不是普通的干咳。是有什么从喉咙深处涌上来——她用手背掩住嘴,再移开时,手背上多了一小片殷红。
青囊的呼吸停了一瞬。
“只是毛细血管破裂。”凯拉斯说,用手背随意擦过嘴角,“预览超载时的正常现象。建造者告诉过我。”

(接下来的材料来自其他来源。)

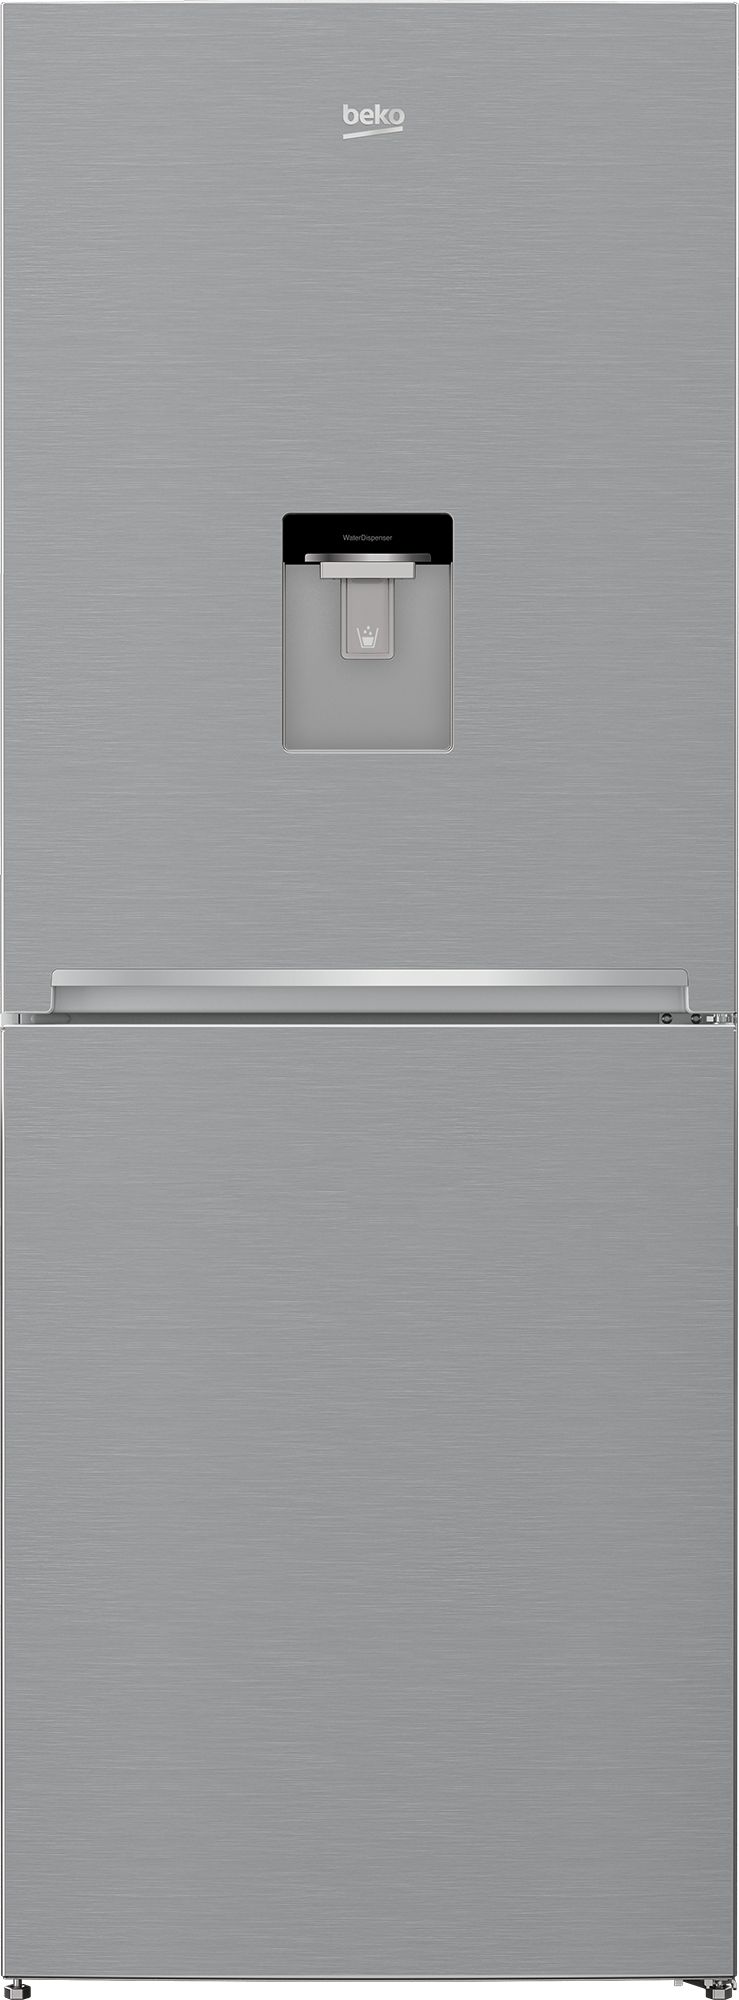 Beko CFG4790DPS 50/50 Frost Free Fridge Freezer - Stainless Steel Effect - E Rated, Stainless Steel

“建造者告诉过你——”青囊的声音突然拔高,那是医者在濒临失控边缘的最后一道防线,“建造者有没有告诉你,你的端粒酶活性只剩下正常值的37%?有没有告诉你,你的细胞老化速度是常人的十七倍?有没有告诉你,按照这个速度,你会在三十岁之前进入全面器官衰竭?!”
凯拉斯看着她。
那双眼睛曾经是孩子的眼睛——清澈,好奇,偶尔会因为目睹太多不属于年龄的痛苦而显得过于深邃。
现在,那双眼睛依然是清澈的。
但那清澈里多了一样东西。
接受。
不是认命。不是放弃。
是清晰地看见自己剩余的寿命刻度,然后选择如何分配每一格时间的……平静。
“建造者告诉我,”凯拉斯说,“时间债务总有人要承担。”
“薇拉·陈承担了五千年。岩石承担了七百万年。司天辰哥哥会在未来五十年承担。墨影姐姐已经承担了二十年细胞老化。”
她顿了顿。
“我承担两年。换来我们还有路可走。”
“很公平。”
青囊说不出话。
她看着这个十四——不,十六岁的女孩,看着她额头上还在渗血的银色纹路,看着她嘴角没有擦干净的血迹,看着她那双清澈的、接受了死亡邀请的眼睛。
医者一生,见过无数次死亡。
但从未像此刻这样,感到如此无力。
因为这不是她能用药物、手术、端粒稳定剂治愈的。
这是一个孩子,在用自己剩余的时间,为迷途的团队点亮一根火柴。
而火柴烧完的时候,不会有人死去——因为死去的人不会继续承受。
真正承受的,是那些活着、看着、却无能为力的人。
凯拉斯向门口走去。
她的步伐比一个月前更稳了。不是孩子那种轻快的、偶尔会蹦跳的步伐,是开始学会分配重心、节省力气、为长途跋涉做准备的……成人的步伐。